Rubén Flores Gómez (born 3 October 1968) is a Mexican former professional footballer and was most recently the manager of the Cayman Islands women's national team.

==Playing career==
Flores had a stint in the Mexican Primera División with Atlante where he appeared in a total of 11 matches and recorded one goal. In 2003, he was signed by the Brampton Hitmen of the Canadian Professional Soccer League. He scored his first goal for the organization on 4 July 2003 in a 2–0 victory over Toronto Croatia. In the first round of the postseason the Hitmen faced Toronto Croatia, and Flores scored the equalizing goal to conclude the match to a 1–1 draw. The game went into penalties with Toronto winning 4–3 in the shootout. After Toronto Croatia was caught fielding an illegal player the league reversed the result and Brampton advanced to the next round.

Brampton's next opponents would end up being London City, where once again the match went into penalties with Flores contributing a successful penalty kick, and the match concluding in a 5–3 victory. He featured in CPSL Championship match against Vaughan Sun Devils coming on as a substitute for team captain Phil Ionadi. Brampton would end up winning the match by a score of 1–0, thus marking the franchise's first Championship.

==Coaching career==
Flores retired from competitive soccer after the 2003 season and served as an Ontario Soccer Association Provincial and Regional Head Coach from 2005 till 2011 debuting with the Burlington Bulldogs 88's. In 2011, he was appointed Technical Director for Guelph Soccer. In 2012, he served as assistant coach under Brett Mosen for Hamilton Rage of the Premier Development League.

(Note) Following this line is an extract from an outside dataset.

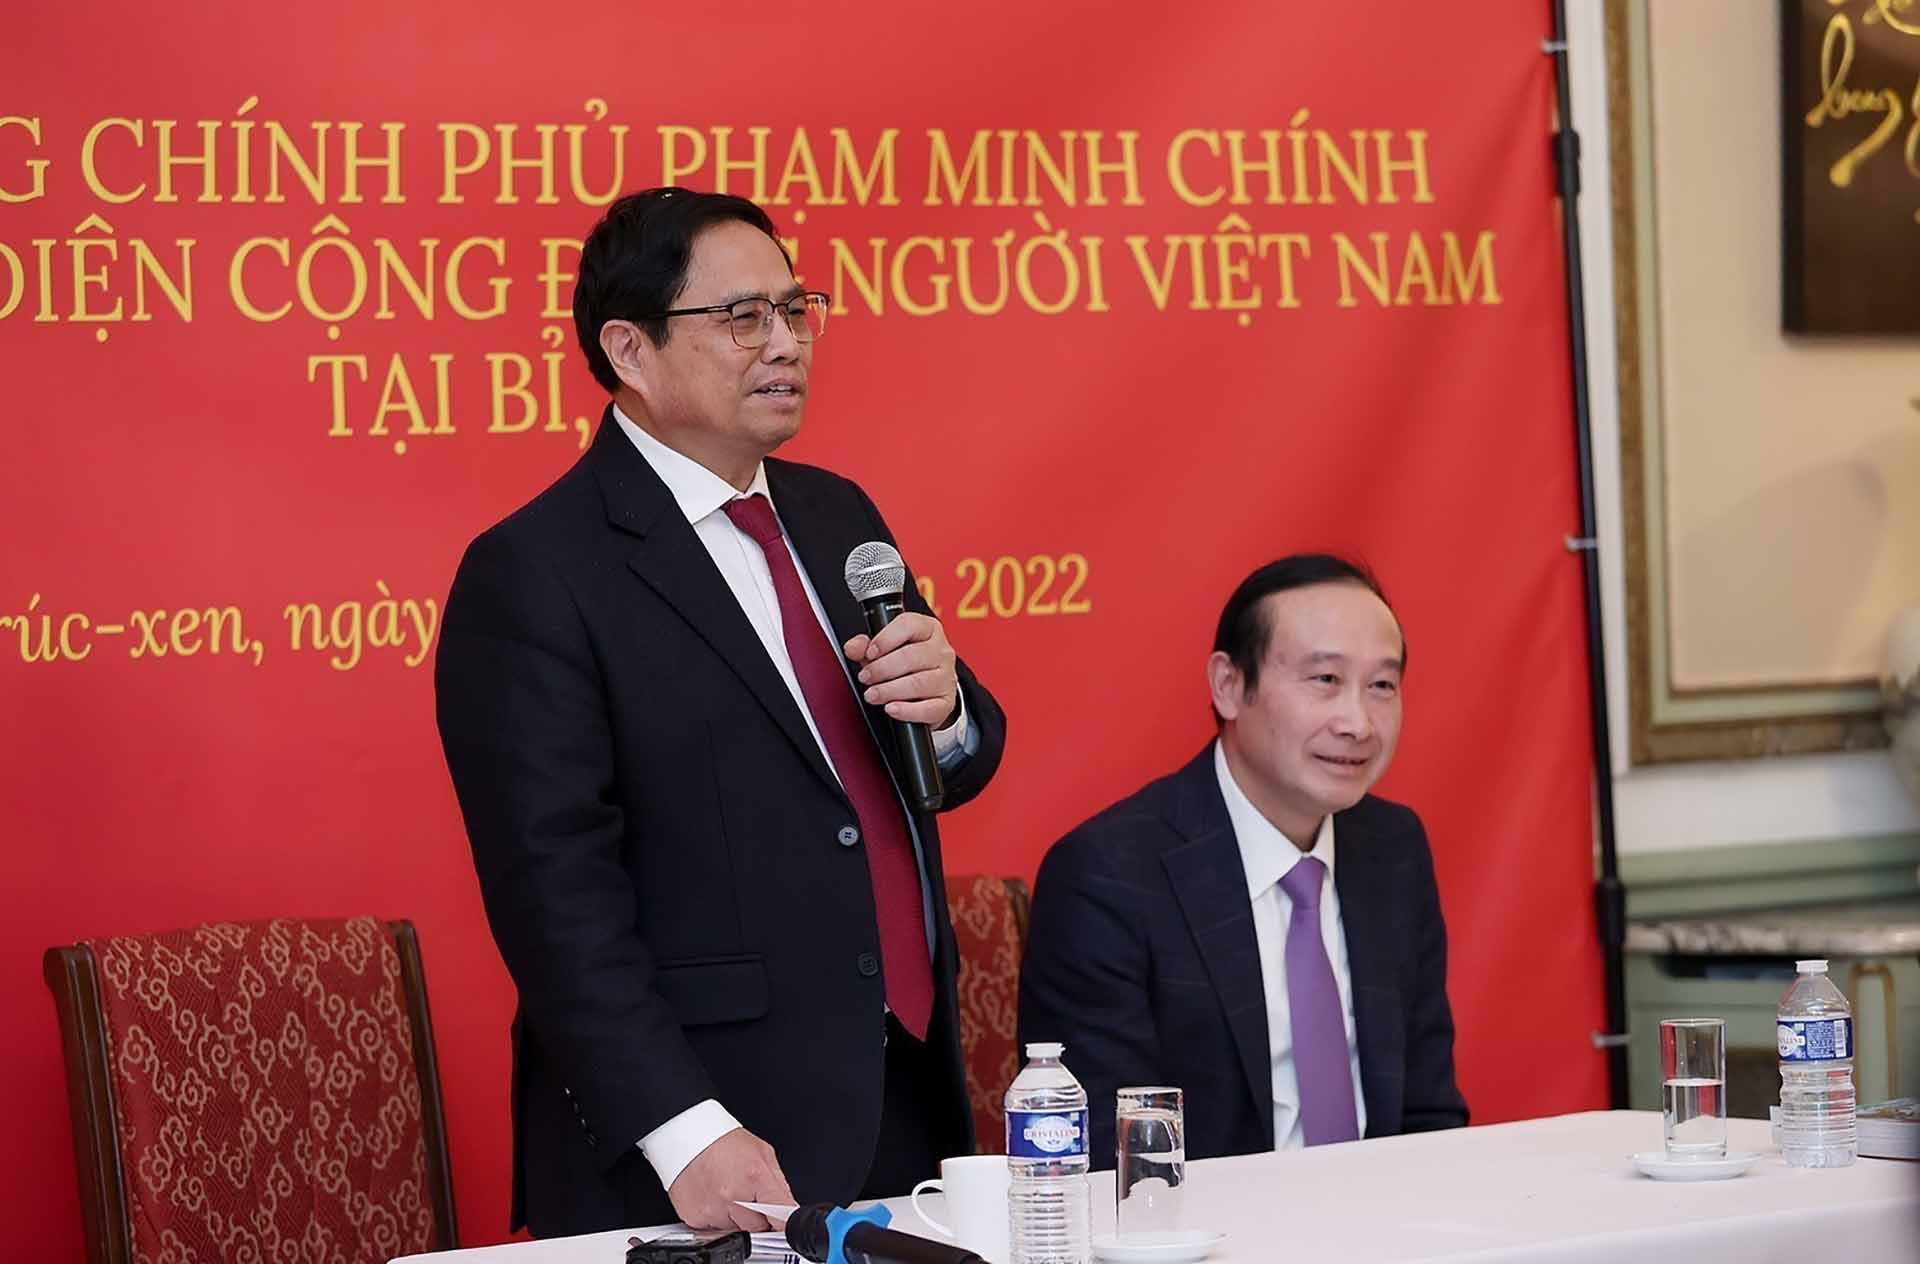 Cộng đồng người Việt Nam tại Bỉ là cầu nối thúc đẩy quan hệ hữu nghị giữa hai nước
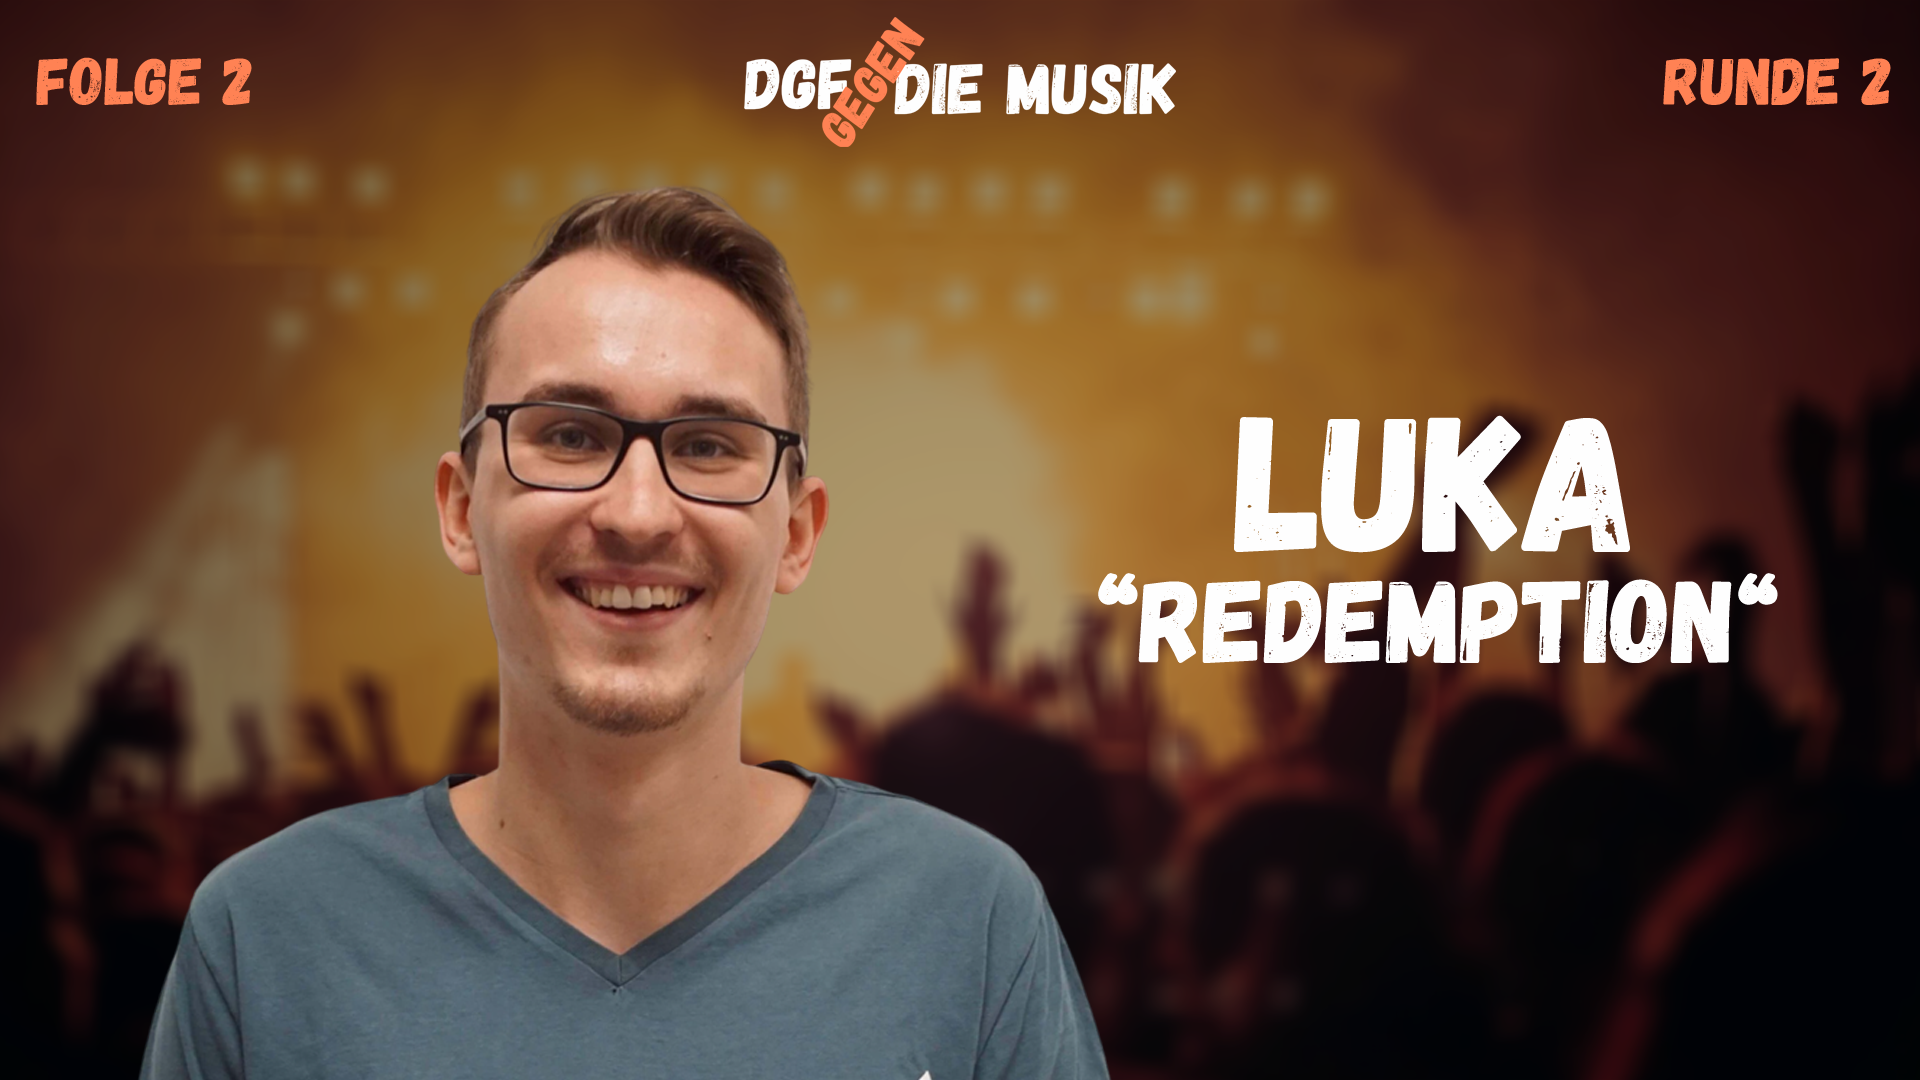 DGDM – Luka (Redemption) // Runde 2 – Folge 2

On 26 February 2013 he was appointed the first head coach for K-W United for the USL W-League. After controversy regarding his professional soccer resume, Flores was dismissed from his post of head coach. On 22 May 2014, he was named the head coach for the Cayman Islands women's national football team.

==Personal life==
Flores is married to a Canadian woman of English descent and they have three children, who are also footballers: Silvana, who was runner-up of the 2018 FIFA U-17 Women's World Cup with Mexico and has capped at senior level; Marcelo, who debuted for Canada on March 28, 2026 in an international friendly against Iceland, and Tatiana, who was called up to the Mexico women's national under–15 team.